Supplied data ::
=== Section Start ===

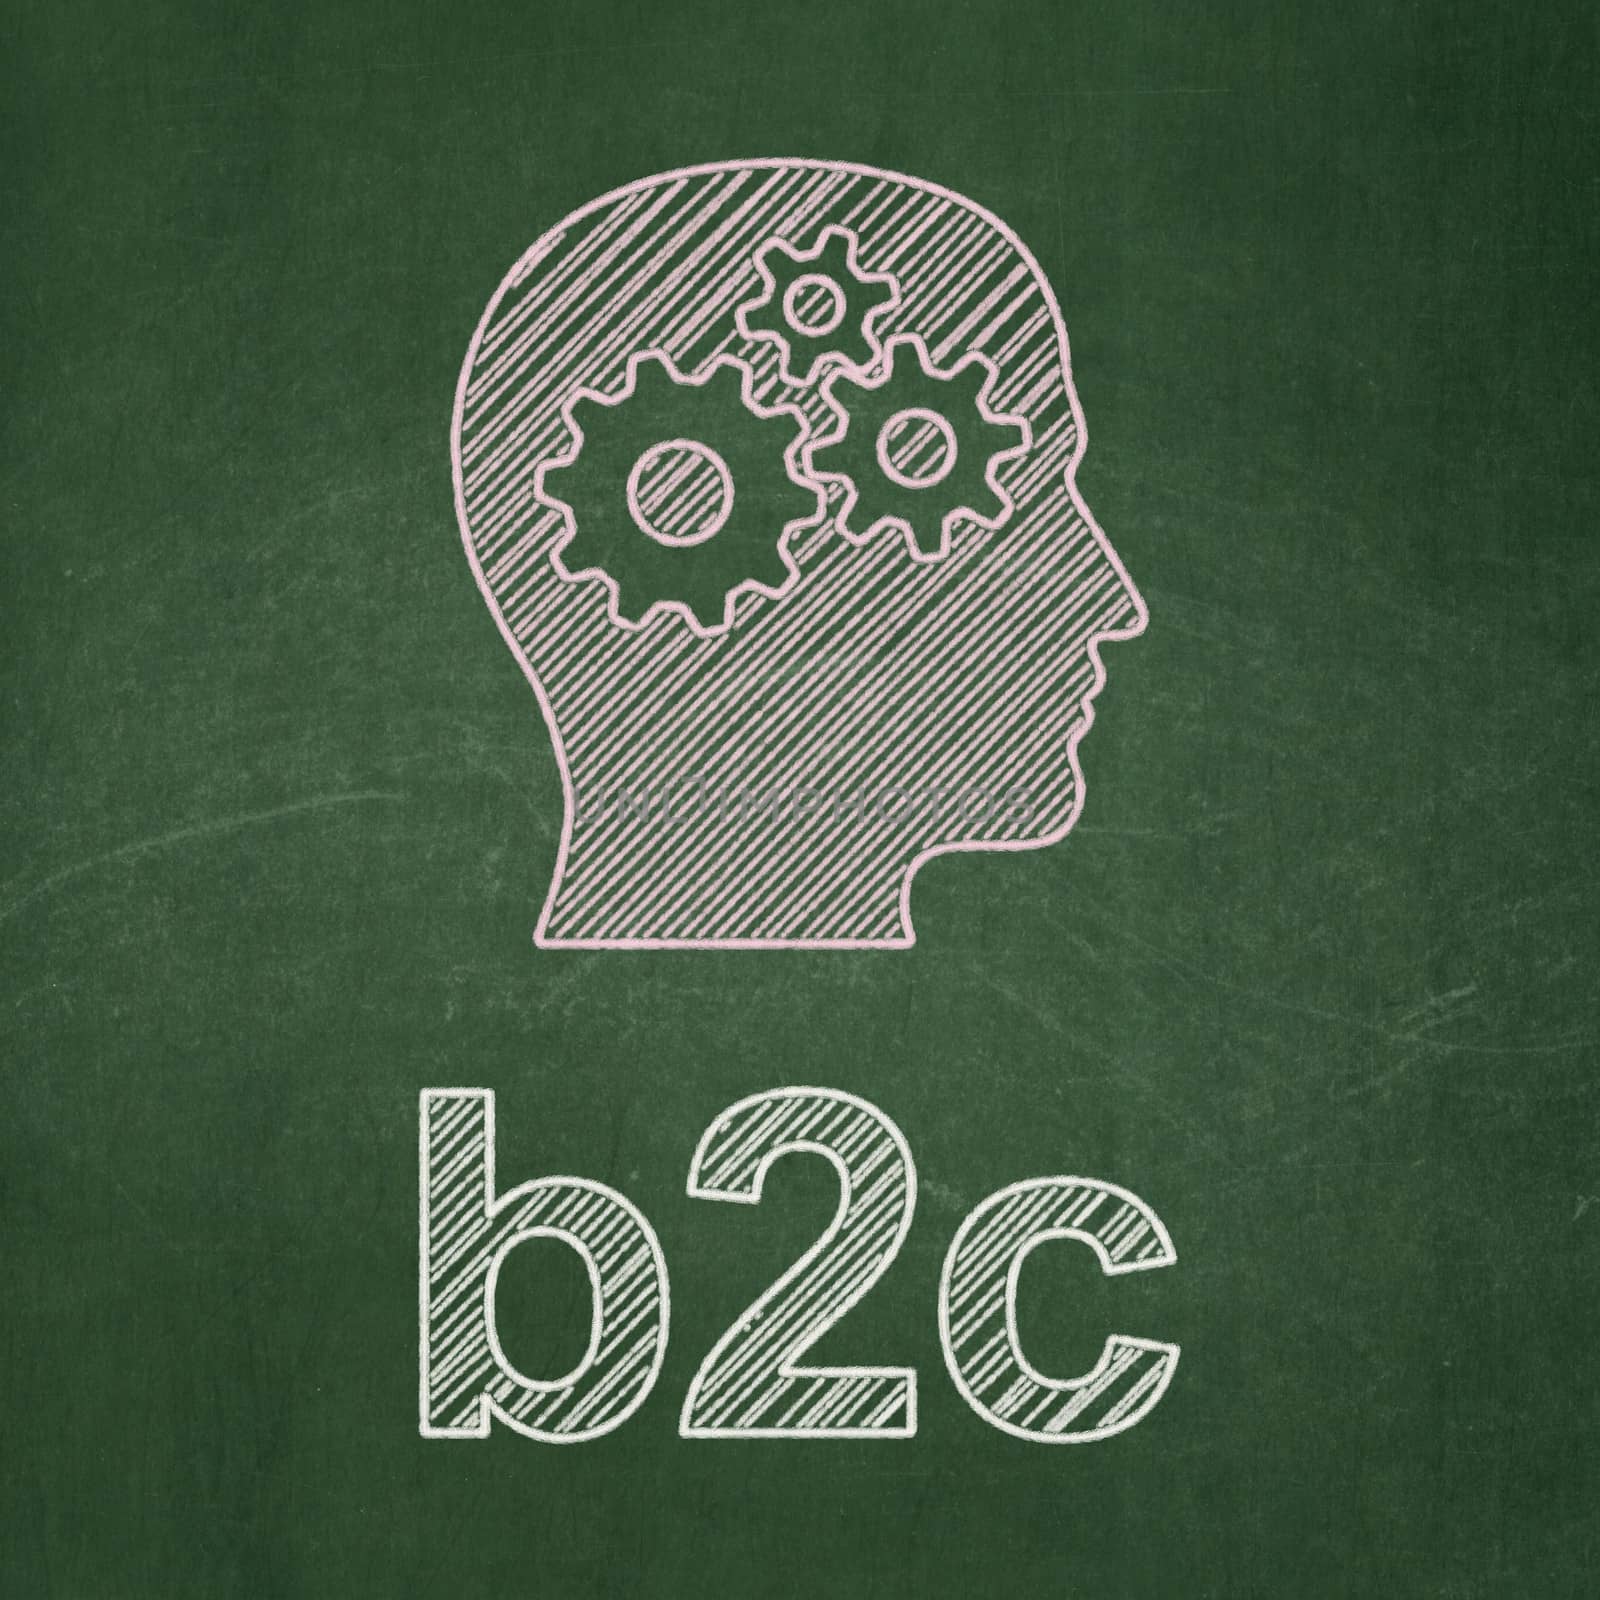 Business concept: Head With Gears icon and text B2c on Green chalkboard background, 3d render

=== Section End ===
=== Section Start ===

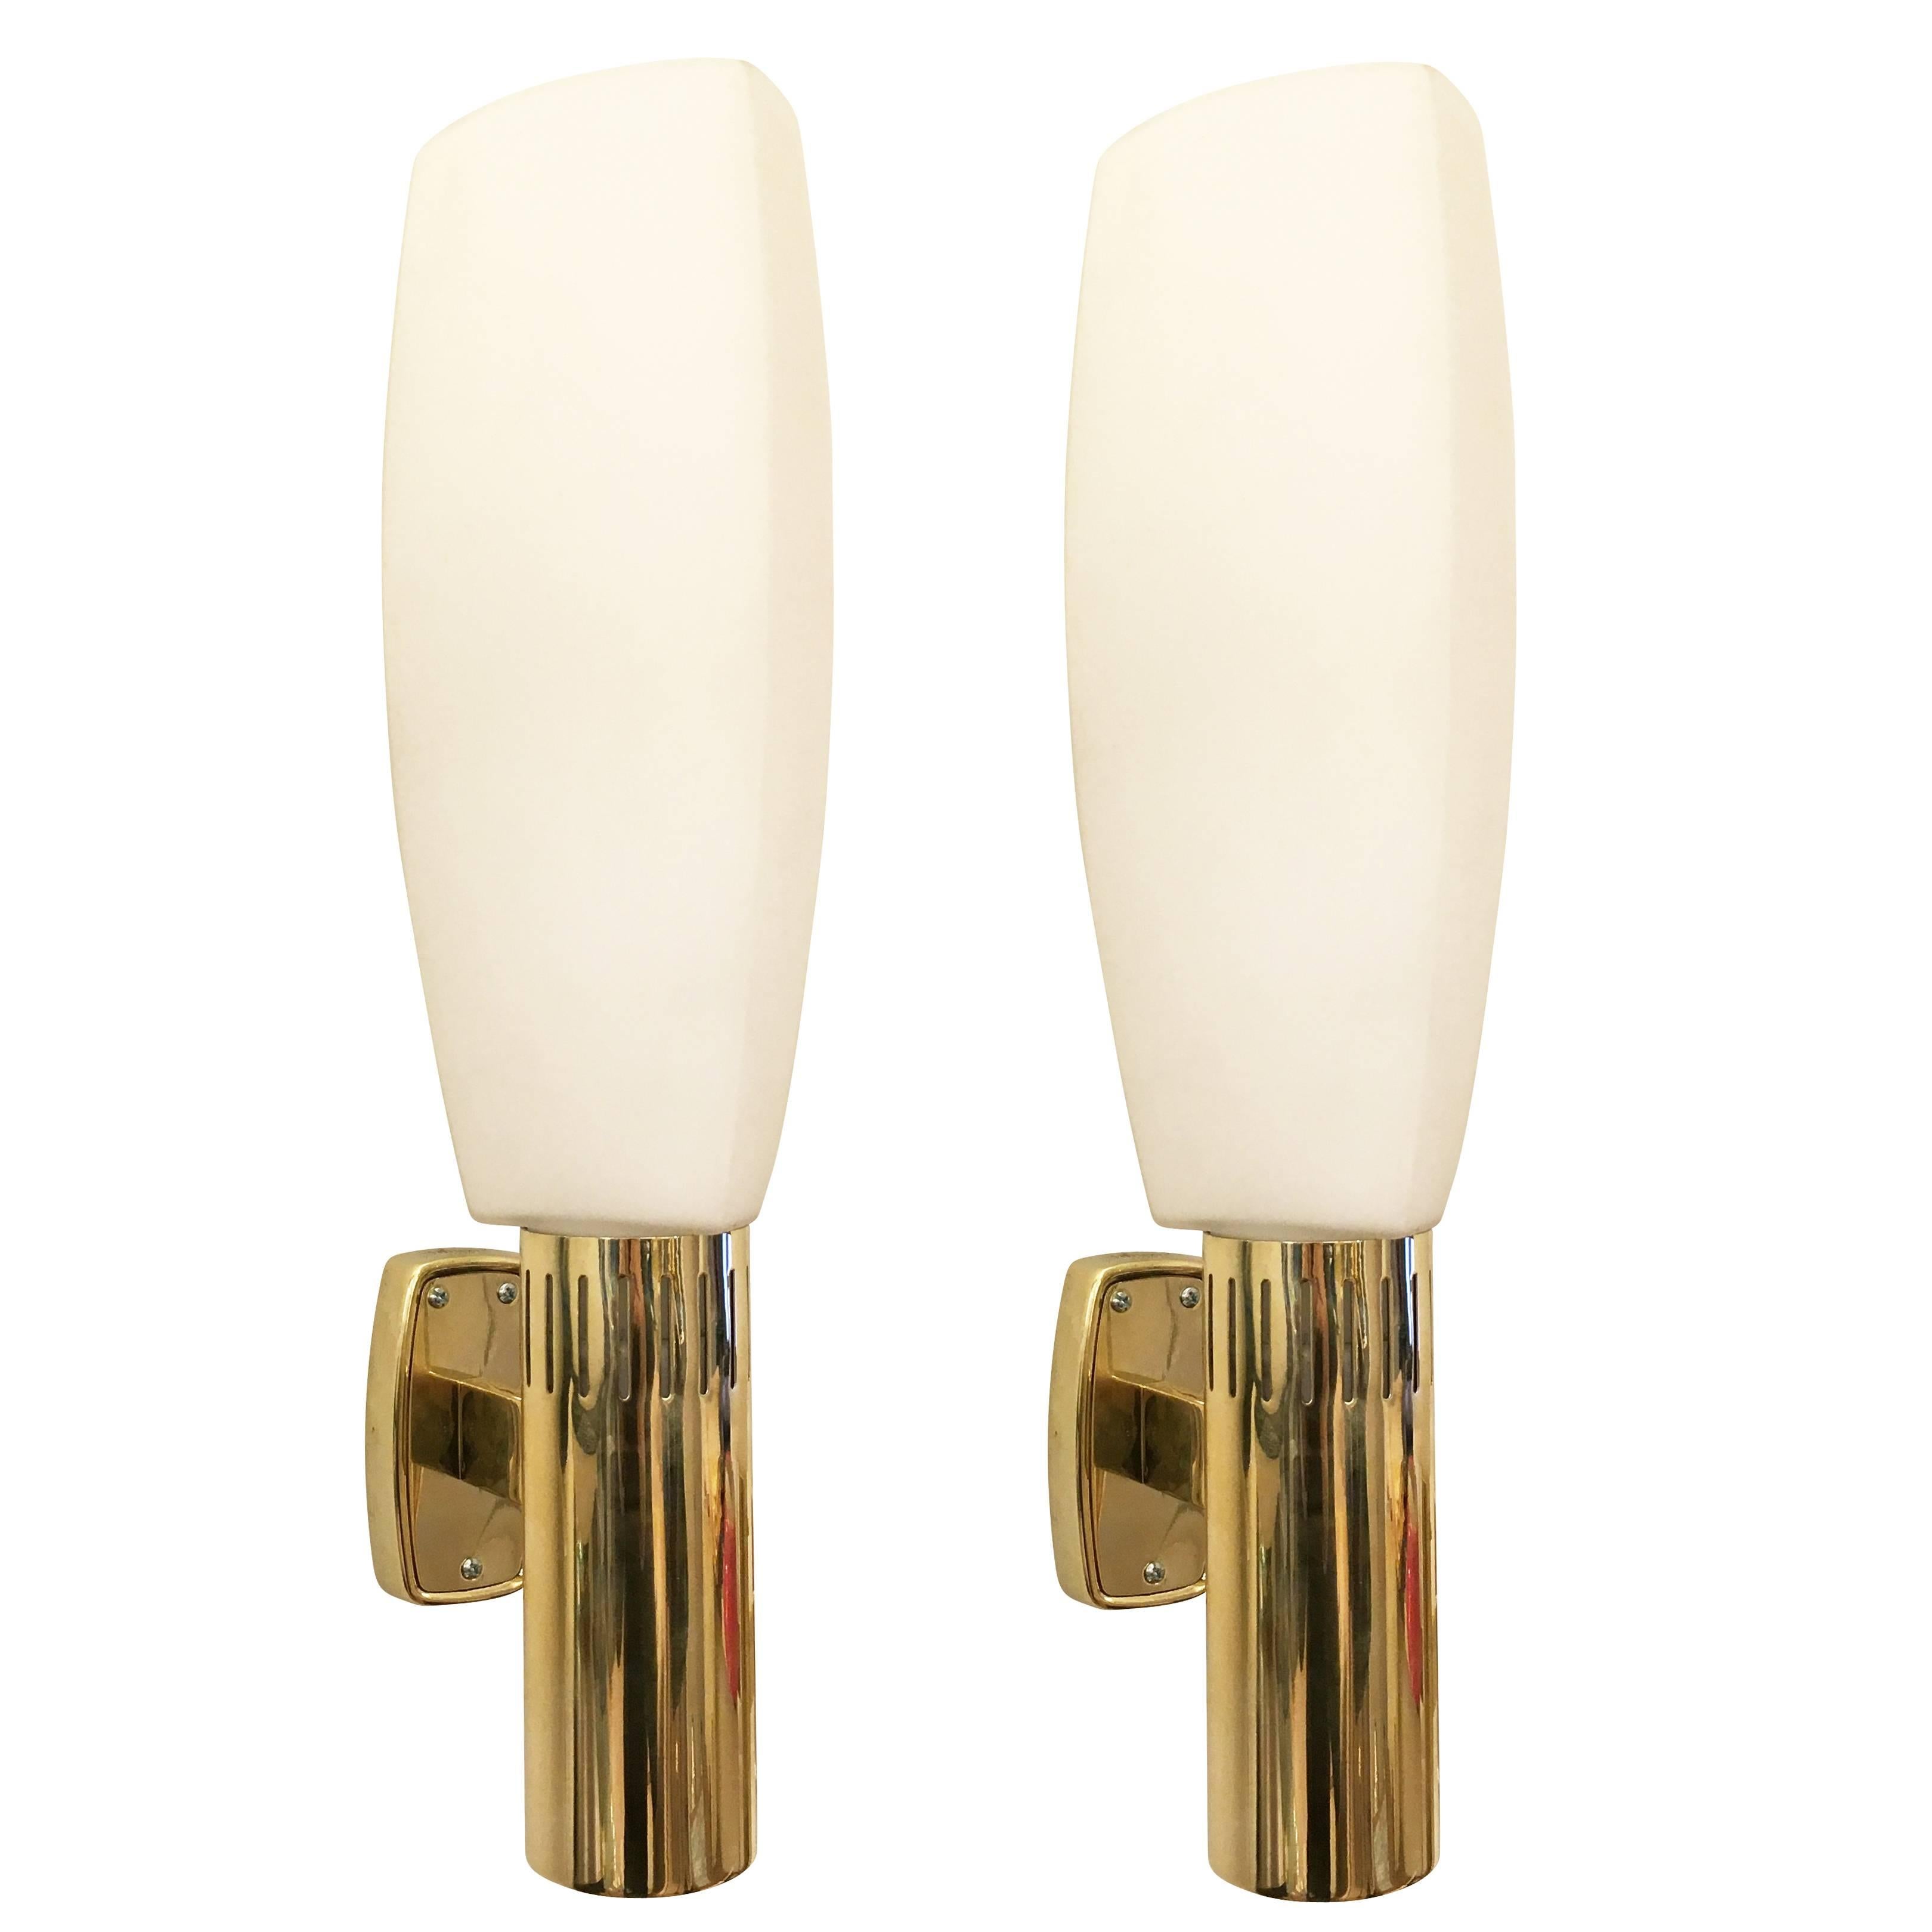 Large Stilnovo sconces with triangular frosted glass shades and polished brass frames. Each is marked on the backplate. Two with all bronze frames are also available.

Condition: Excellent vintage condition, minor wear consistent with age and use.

=== Section End ===

What you will do :: Excerpt from the records above: set down only the lines from the one that contains "Large Stilnovo sconces" through the one that contains "Condition: Excellent vintage", inclusive, word for word. Pictures stay out.

Answer to the exercise ::
 Large Stilnovo sconces with triangular frosted glass shades and polished brass frames. Each is marked on the backplate. Two with all bronze frames are also available.

Condition: Excellent vintage condition, minor wear consistent with age and use.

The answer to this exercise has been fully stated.